What you have to do.
What you return must be the lines from the first one below through the one containing "Wohnviertel Draufsicht aus", exactly and with pictures excluded.

The records.
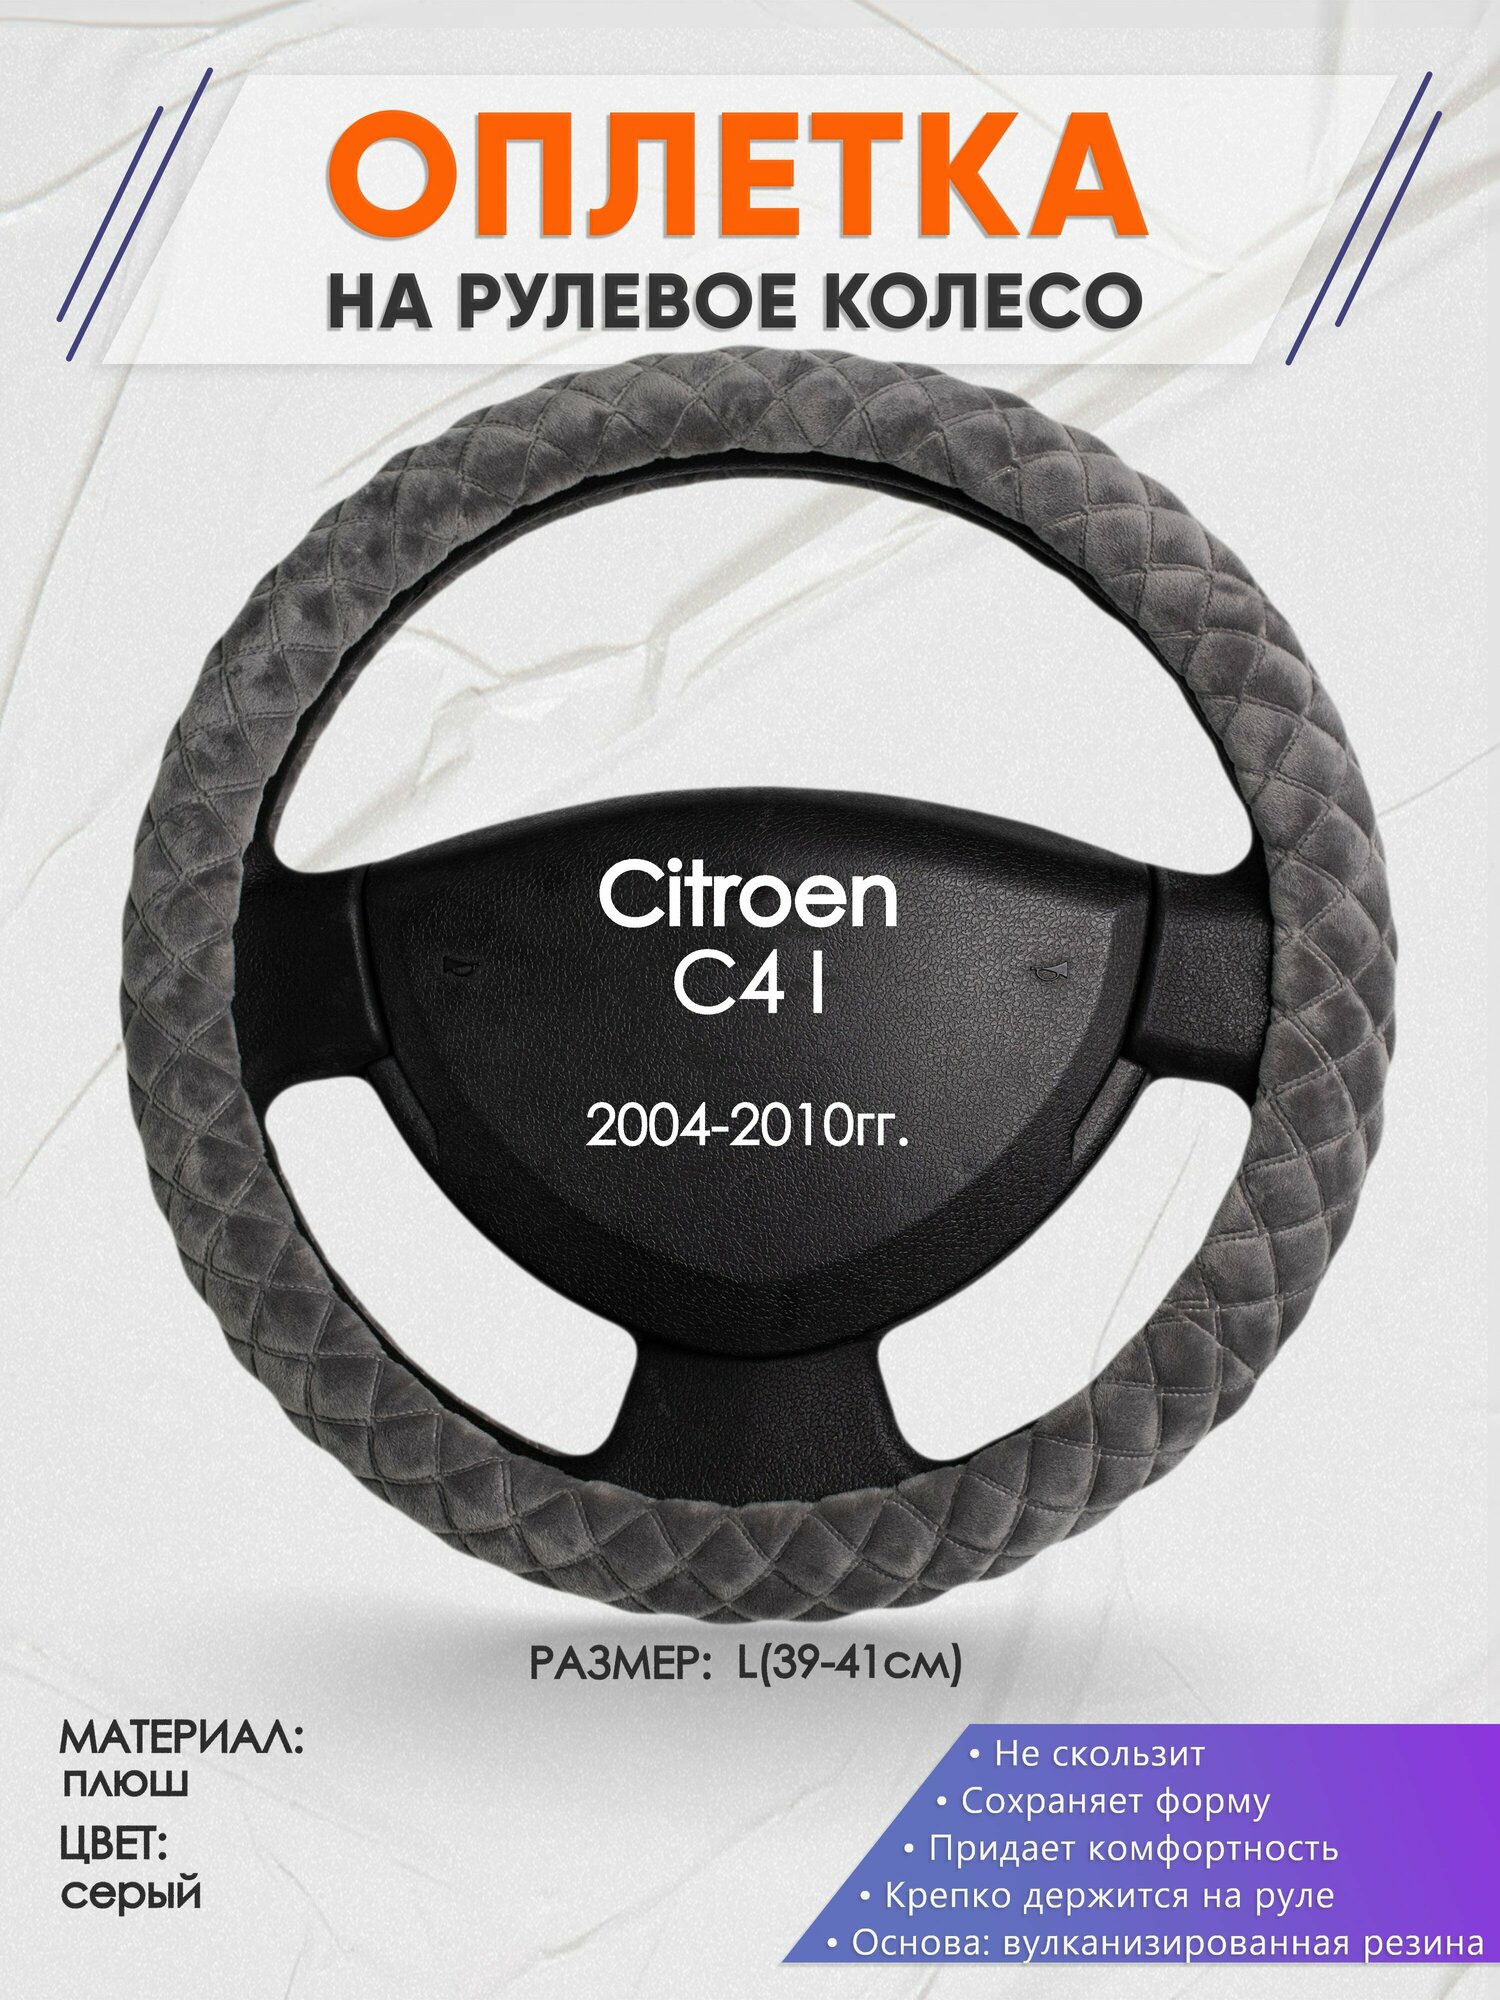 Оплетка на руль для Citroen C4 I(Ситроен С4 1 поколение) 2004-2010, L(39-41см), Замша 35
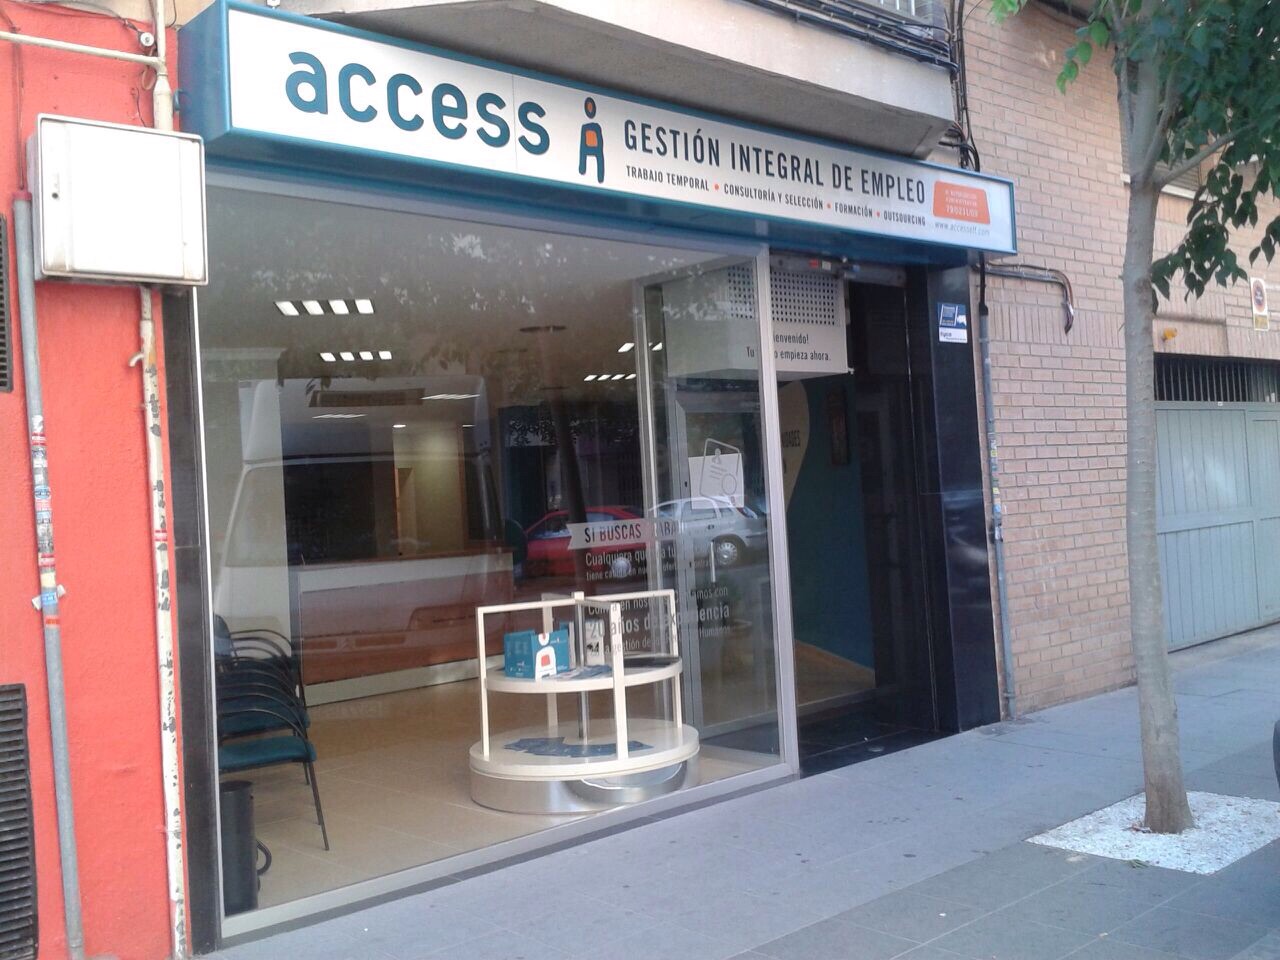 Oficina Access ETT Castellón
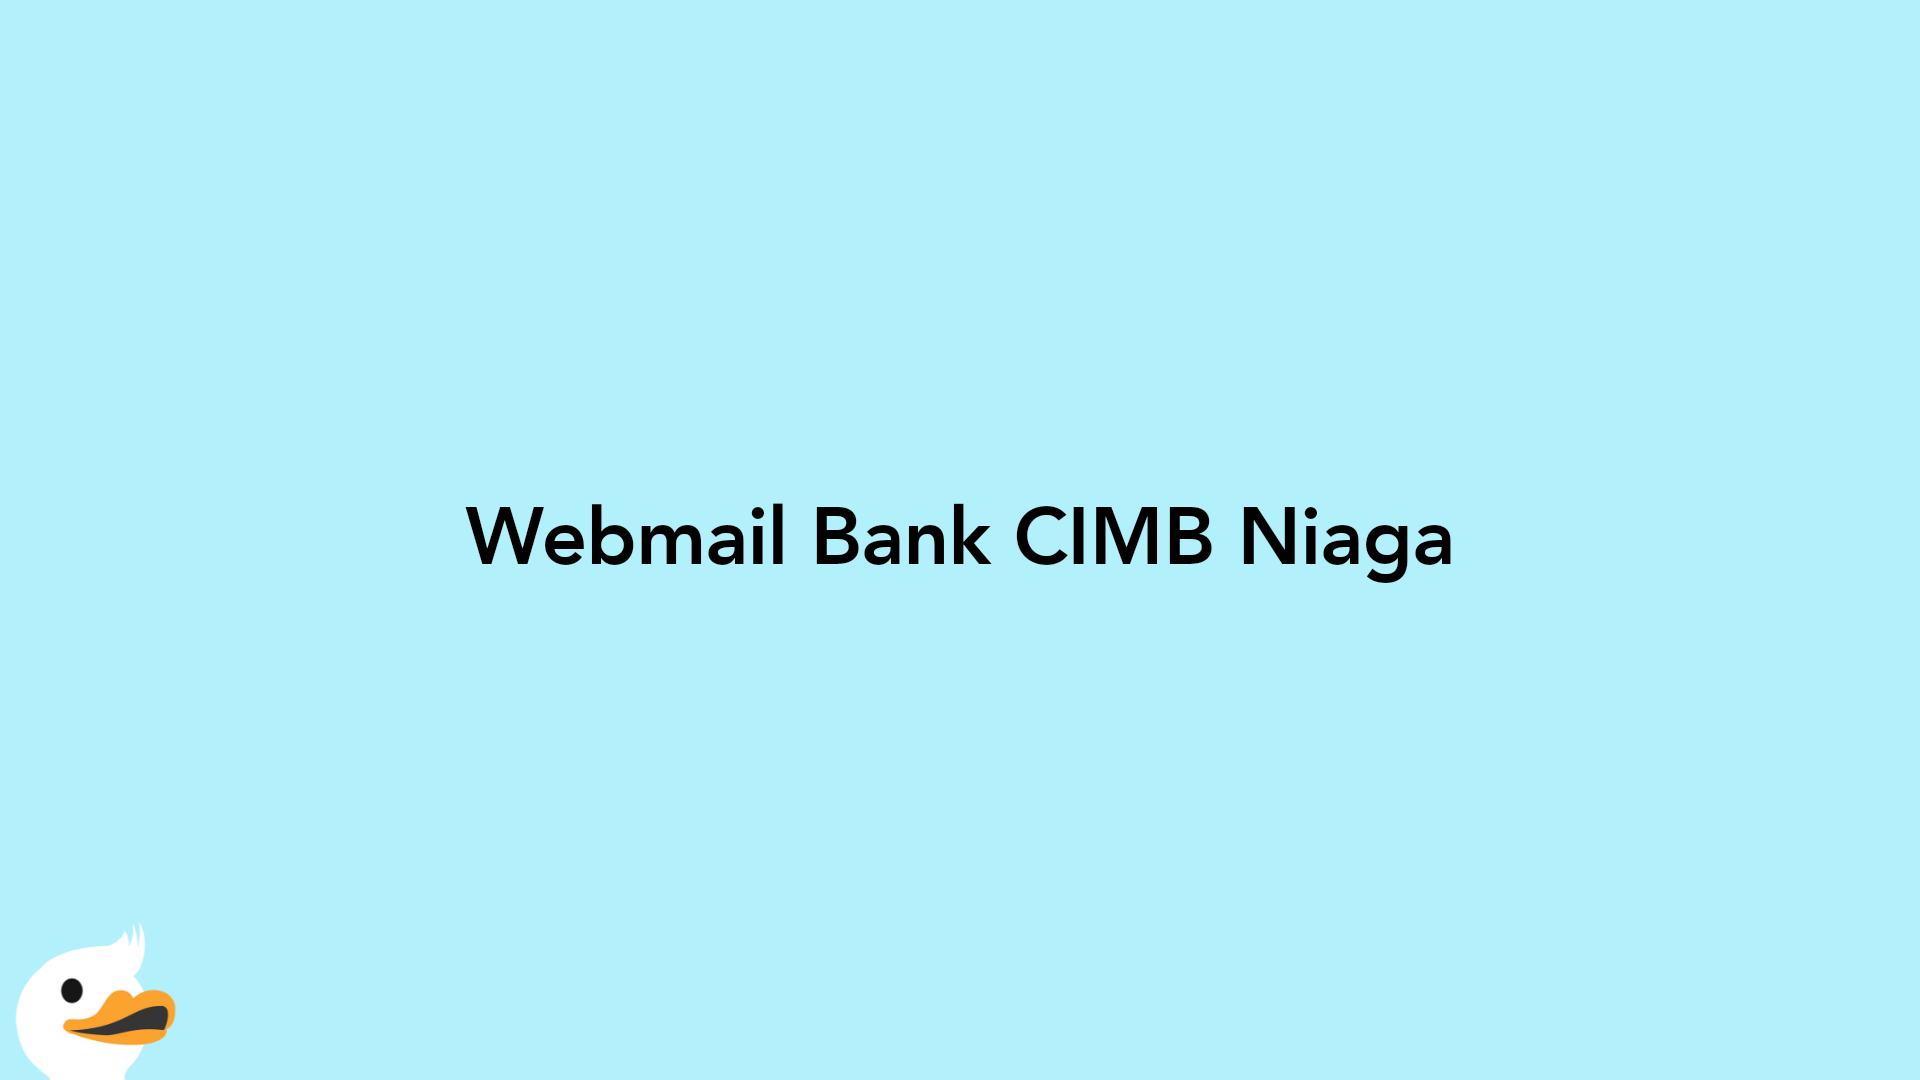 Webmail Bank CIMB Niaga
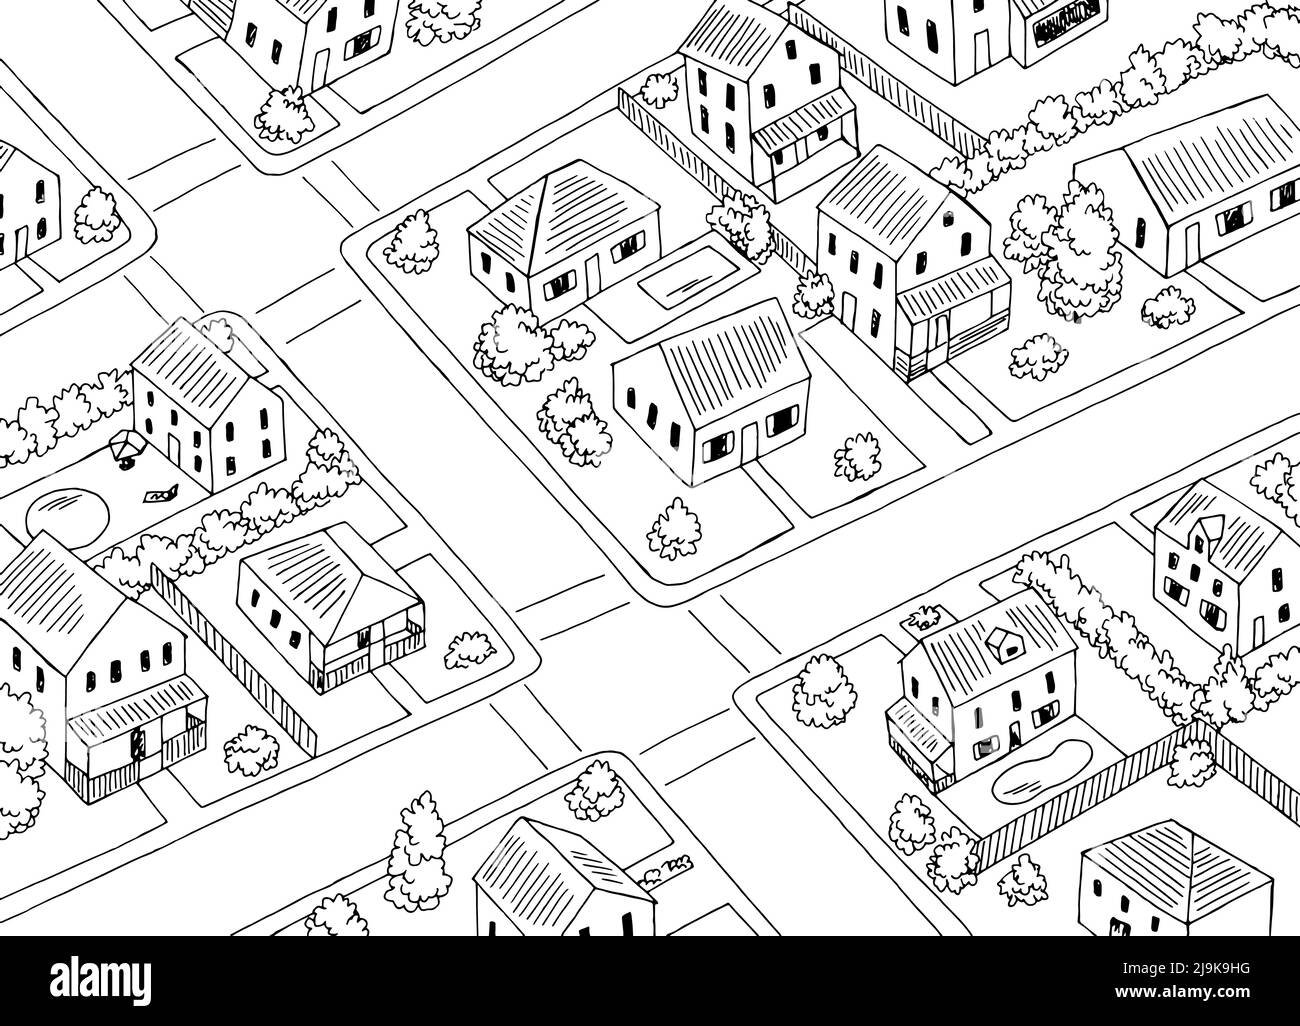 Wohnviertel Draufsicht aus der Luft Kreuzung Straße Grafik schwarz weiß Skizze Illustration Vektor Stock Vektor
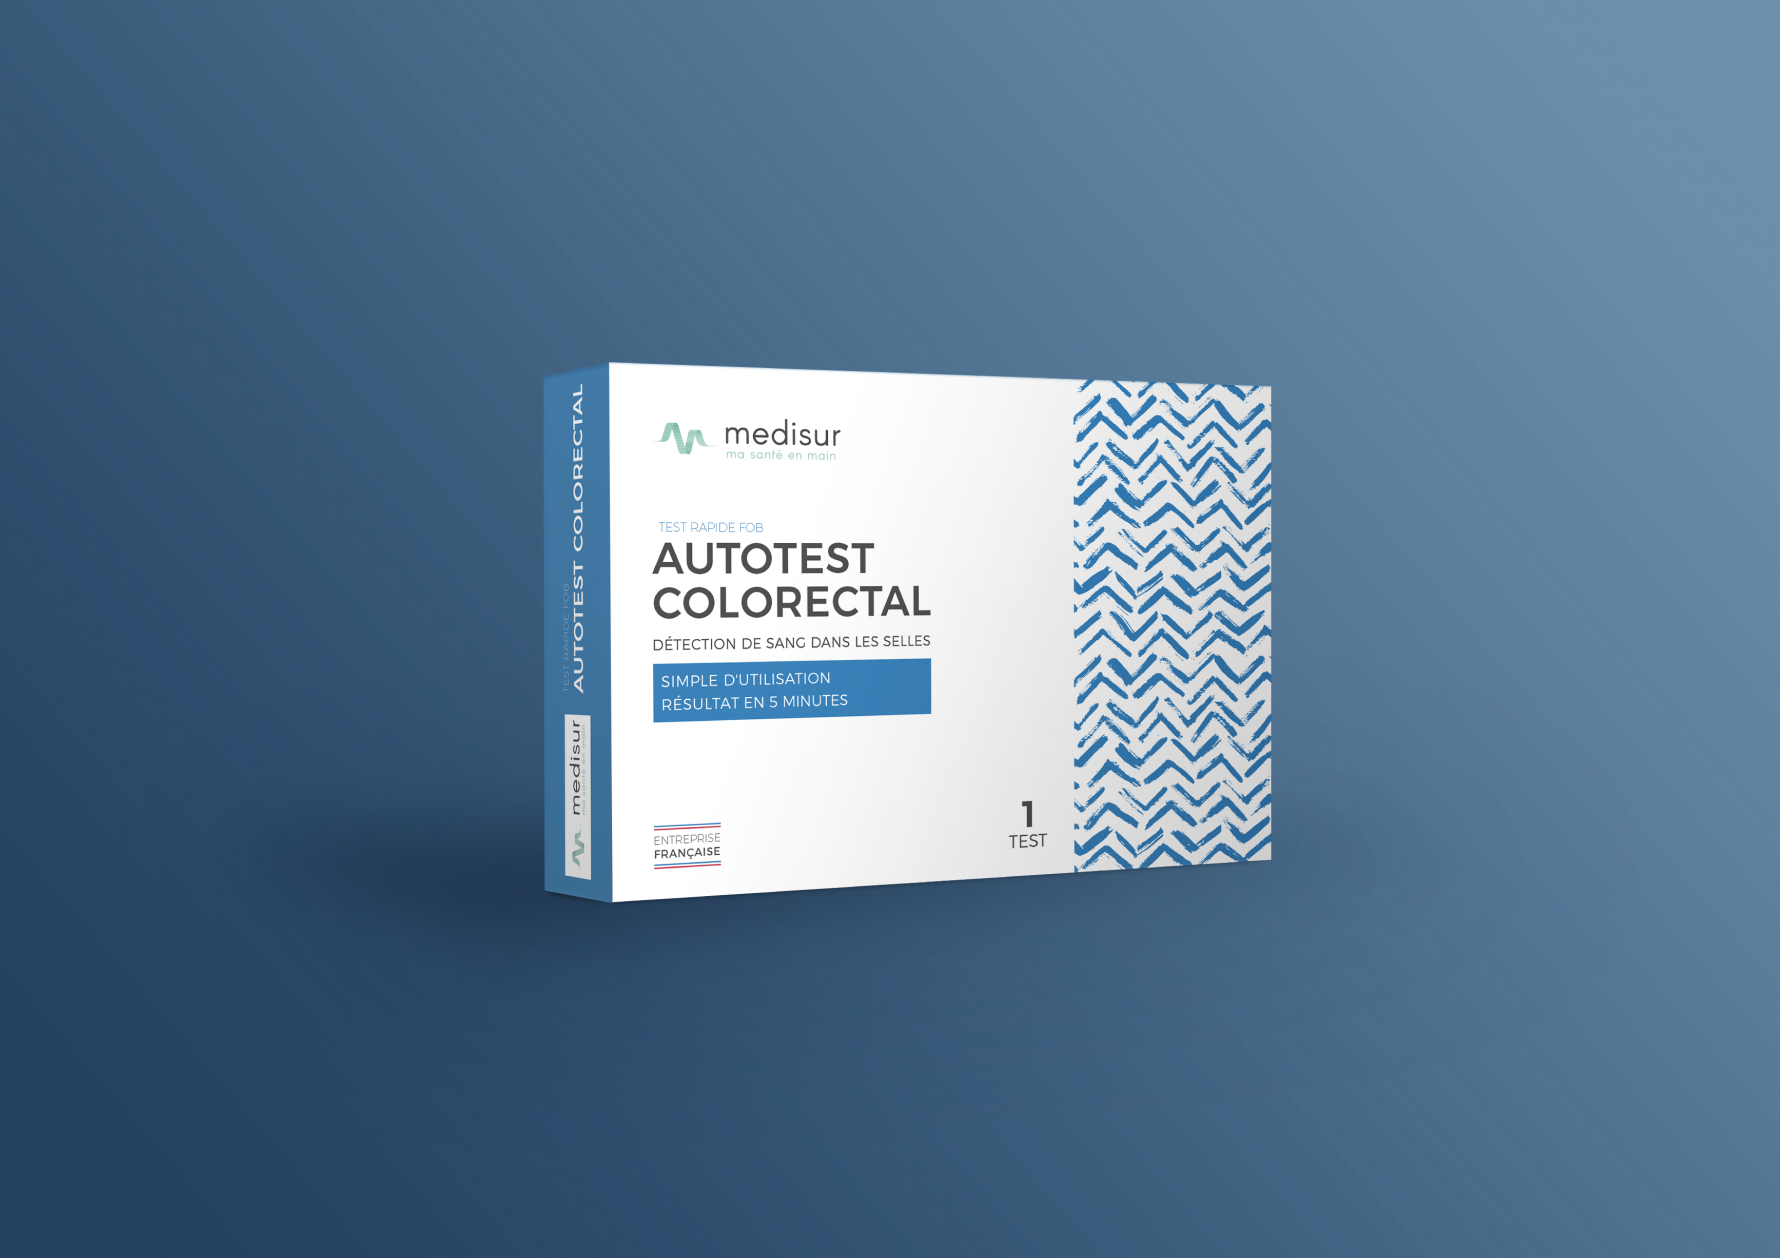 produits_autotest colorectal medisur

Problem solution.
 Оплетка на руль для Citroen C4 I(Ситроен С4 1 поколение) 2004-2010, L(39-41см), Замша 35
 Oficina Access ETT Castellón
 Webmail Bank CIMB Niaga
 Wohnviertel Draufsicht aus der Luft Kreuzung Straße Grafik schwarz weiß Skizze Illustration Vektor Stock Vektor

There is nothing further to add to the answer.